Skip to content

Architecture Overview

VLA Foundry is a modular, pure-PyTorch framework for training Vision-Language-Action models. It is organized around four pillars: configuration, models, data, and training. Each pillar is self-contained, communicates through well-defined interfaces, and can be extended independently.

System Diagram

The following diagram shows how the major subsystems connect during a training run.

graph TD
    CLI["CLI / YAML Presets"] -->|draccus.parse| CFG["TrainExperimentParams"]
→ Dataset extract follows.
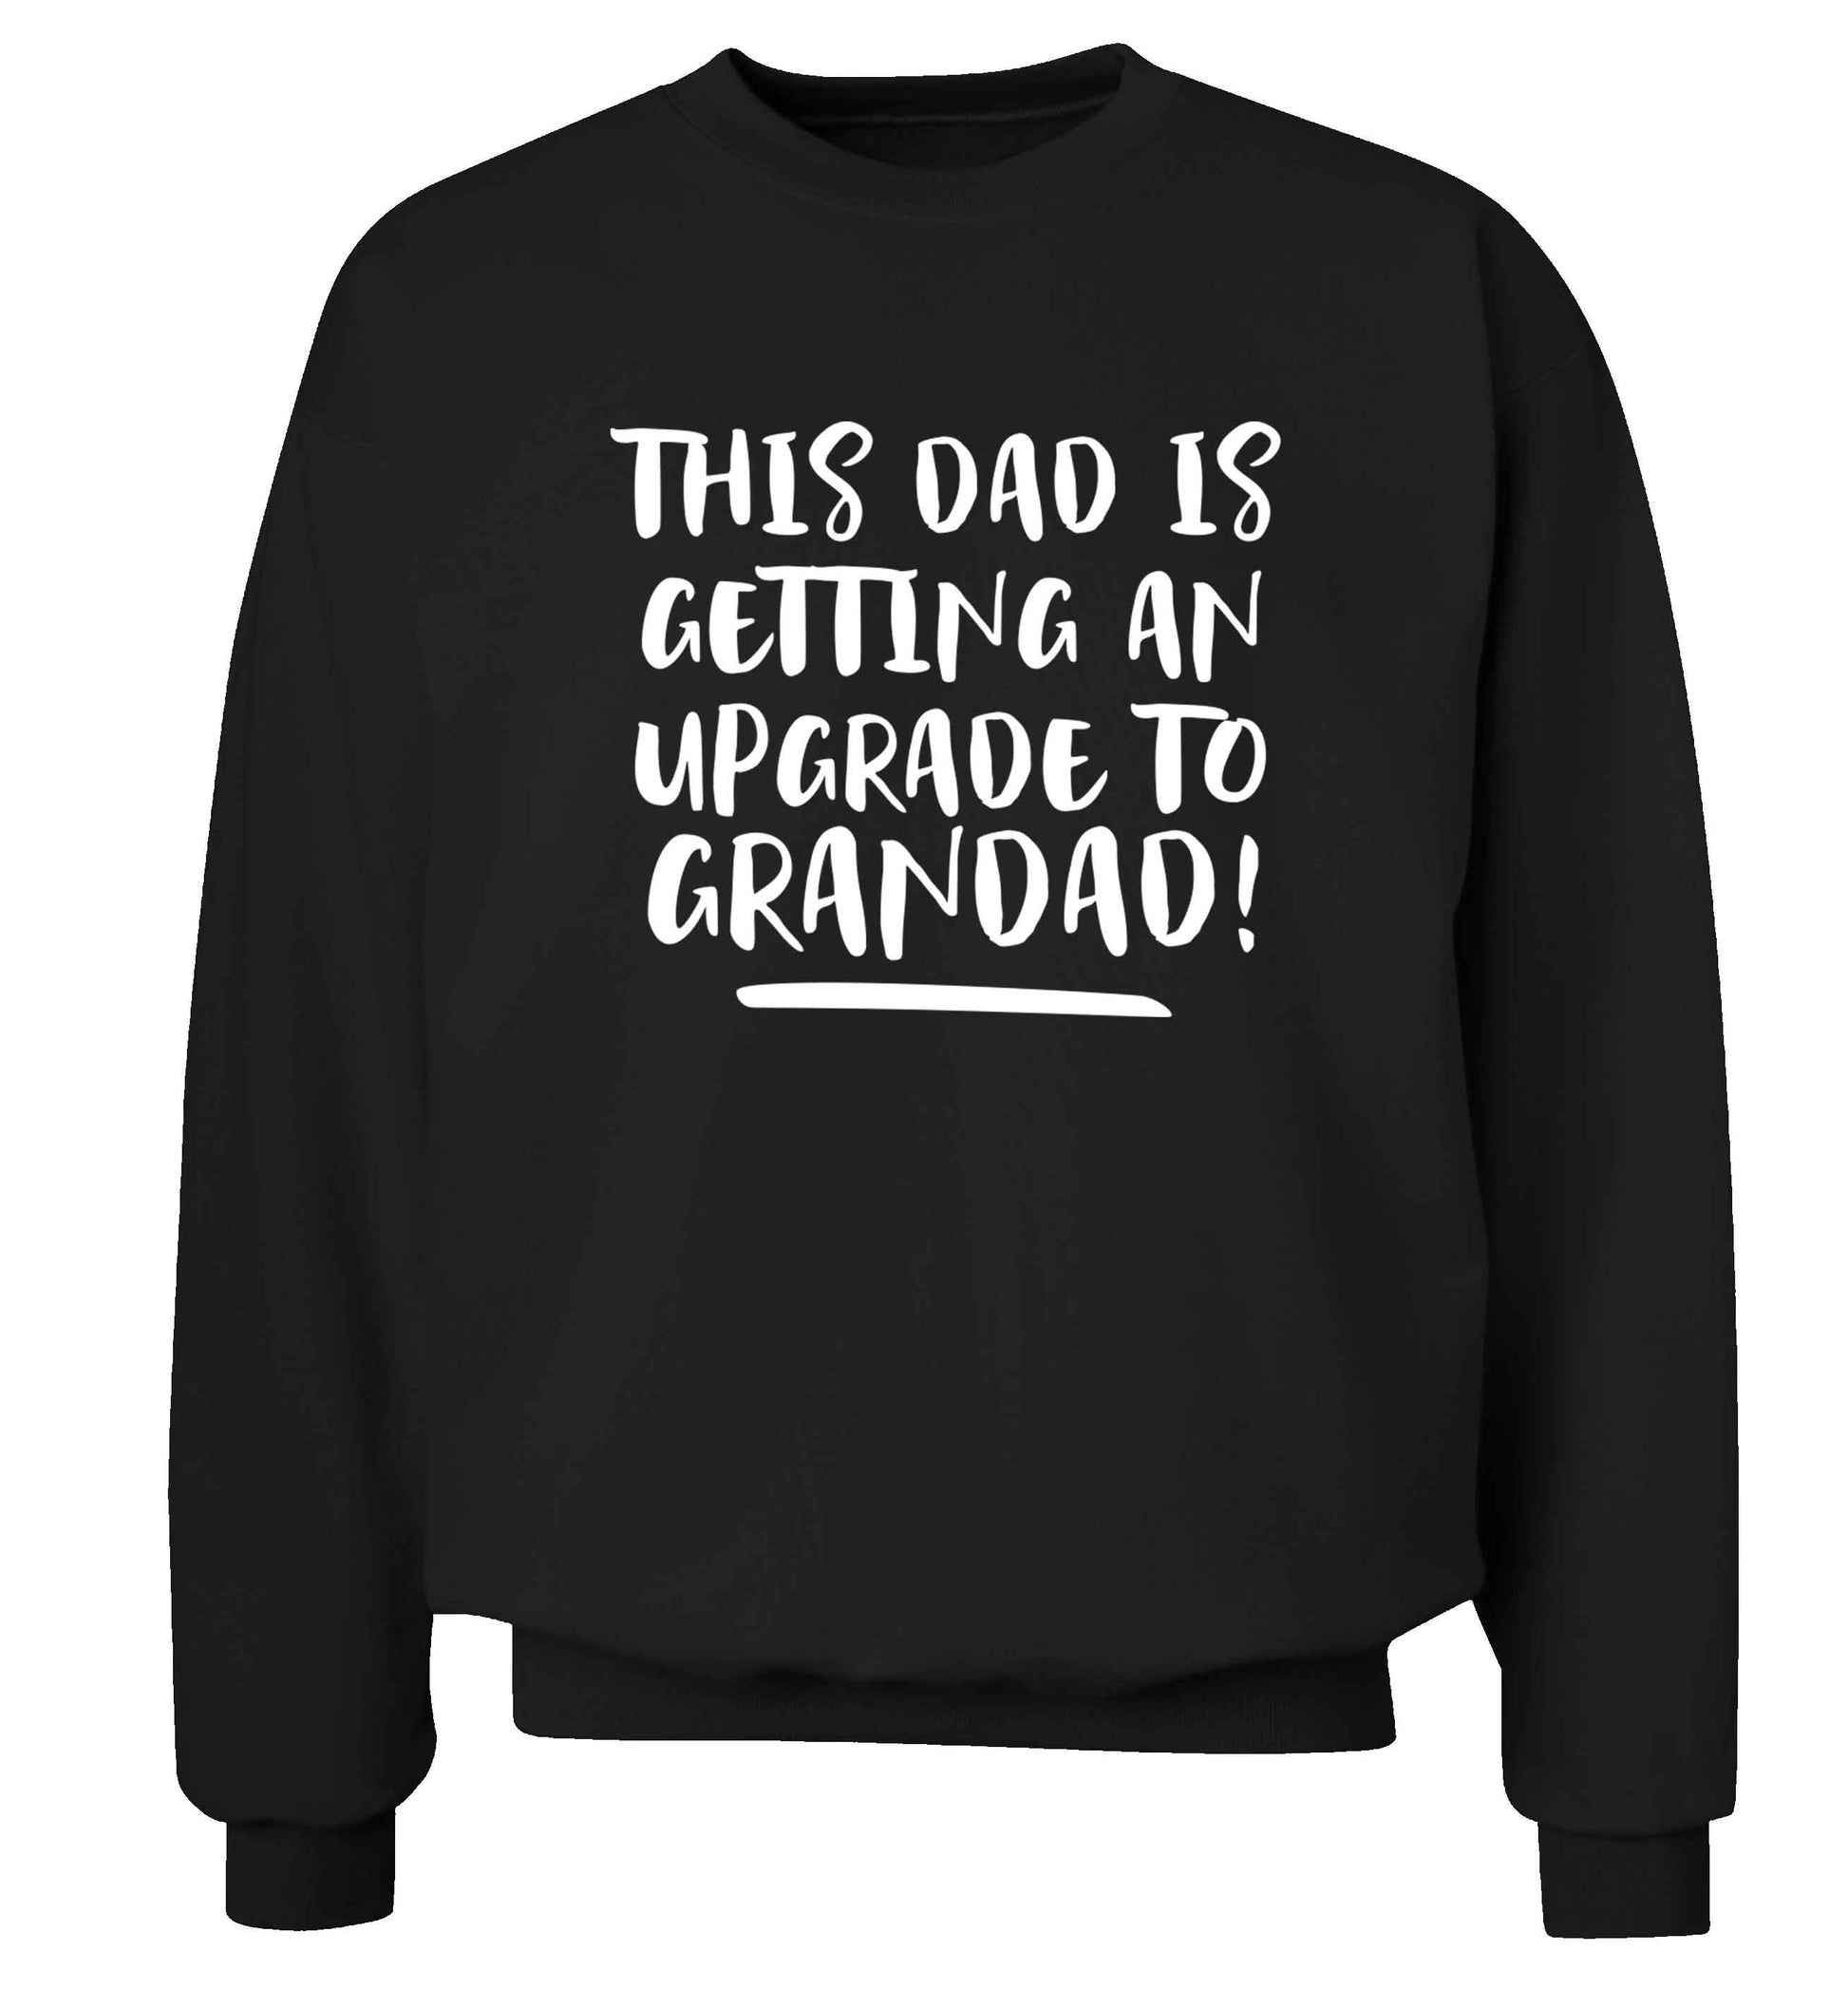 This dad is getting an upgrade to grandad! Adult's unisex black Sweater 2XL

    CFG --> MODEL_PARAMS["ModelParams"]
    CFG --> DATA_PARAMS["DataParams"]
    CFG --> HPARAMS["HyperParams"]
    CFG --> DIST_PARAMS["DistributedParams"]
    CFG --> EMA_PARAMS["EMAParams"]

    MODEL_PARAMS -->|create_model| MODEL["nn.Module"]
    DATA_PARAMS -->|get_wds_dataloader| DATALOADER["WebDataset DataLoader"]
    DIST_PARAMS -->|wrap_fsdp_ddp| WRAPPED["FSDP / DDP Model"]
    HPARAMS -->|create_optimizer / create_scheduler| OPT["Optimizer + Scheduler"]

    MODEL --> WRAPPED
    WRAPPED --> TRAIN["train_one_checkpoint()"]
    DATALOADER --> TRAIN
    OPT --> TRAIN
    EMA_PARAMS -->|create_ema_model| EMA["EMA Model"]
    EMA --> TRAIN

    TRAIN -->|save_checkpoint| CKPT["Checkpoint"]
    TRAIN -->|metrics| WANDB["Weights & Biases"]
    CKPT -->|resume| TRAIN

Modular Design

Configuration (vla_foundry/params/)

All experiment settings live in frozen dataclasses rooted at TrainExperimentParams. Draccus handles parsing from YAML files and CLI arguments, and the !include directive lets you compose presets. See Configuration System for full details.

Models (vla_foundry/models/)

Models are created through a registry pattern. Each model file registers a factory function and an accompanying batch handler using decorators. The training loop never imports concrete model classes directly; it asks the registry for whatever cfg.model.type specifies.

Data (vla_foundry/data/)

Datasets are stored as WebDataset tar shards with a manifest.jsonl index. The data subsystem builds streaming DataLoader instances that can mix multiple datasets with configurable weighting. See Data Format for the on-disk layout.

Training (vla_foundry/train.py, vla_foundry/main.py)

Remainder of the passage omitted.